This project includes utilities that can assist the development of a robot's kinematic model.
This toolkit is currently capable of performing the multiple functions. The feature set in this toolkit will continue to expand with time. Current features include:
- Forward & Differential Kinematics expression compilation
- Visual robot rendering
- Kinematic chain support
Future features include:
- Inverse dynamics expression compilation
- Robot dynamics simulation
- Kinematic tree support
- Unit tests
Given a robot specification using Denavit-Hartenberg parameters, a robot's joint positions can be mathematically related to the pose of the robot's end effector. This toolkit exposes the Denavit-Hartenberg parameter technique using Transforms:
Transform(θ, d, a, α, joint_type)
θ : Angle about previous z, from old x to new x
d : Offset along previous z to the common normal
a : Length of the common normal
Assuming a revolute joint, this is the radius about previous z
α : Angle about common normal, from old z axis to new z axis
Joint Types:
Static : No actuated joint, transform is static
Prismatic : The transform 'd' parameter is set in accordance to the joint's value
Revolute : The transform 'θ' patameter is set in accordance to the joint's value
Note that the right hand rule for specifying axis orientation is always used.
A robotic manipulator is specified by creating a list of transforms, thus creating a kinematic chain.

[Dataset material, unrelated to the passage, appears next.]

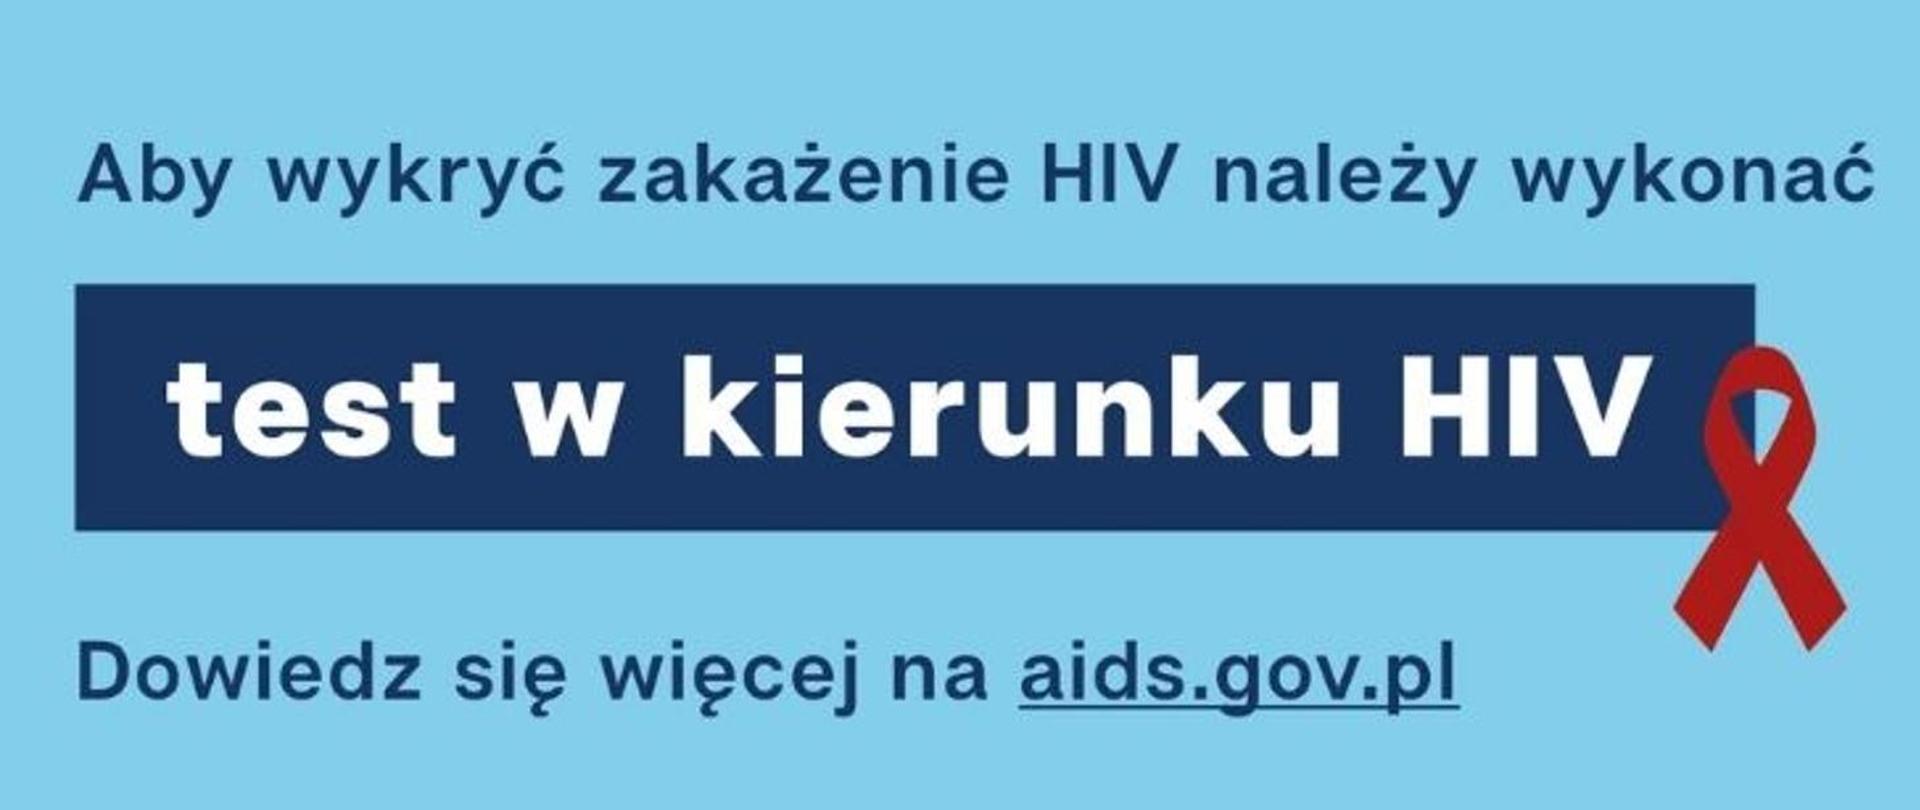 Aby wykryć zakażenie HIV należy wykonać test w kierunku HIV. Dowiedz się więcej na aids.gov.pl. Czerwona wstążeczka

See example.cpp for a sample of how to create a robot manipulator. See example_out.cpp to view the output of the compilation executed in the example program.
This toolkit provides support for realizing a robot's forward kinematics and differential kinematics.
In tests on my machine, the compiled forward kinematics calculations execute 359.3x faster than forward kinematics applied by sequentially multiplying frame transforms for a simple 3-link RRR manipulator. This test was executed by running 100k forwards kinematics requests using both methods. The compiled method calculated all 100k requests in 0.06806 seconds, whereas the frame transform approach calculated all requests in 24.4526 seconds.
A simple renderer is used to show a visual representation of the kinematic chain. This is intended to assist in specifying the transforms that compose the robot geometry.
This shows a sample rendering of a robot with 6 revolute joints, each joint rotating at constant velocity in the same direction.
Symbolic C++ is copied directly into this repository. I have not modified nor contributed to the library, therefore all credit for Symbolic C++ goes to its developers. Symbolic C++ is used to symbolically compute the differential and forward kinematics prior to compilation.
SDL 2.0 is required to render the arm model visually.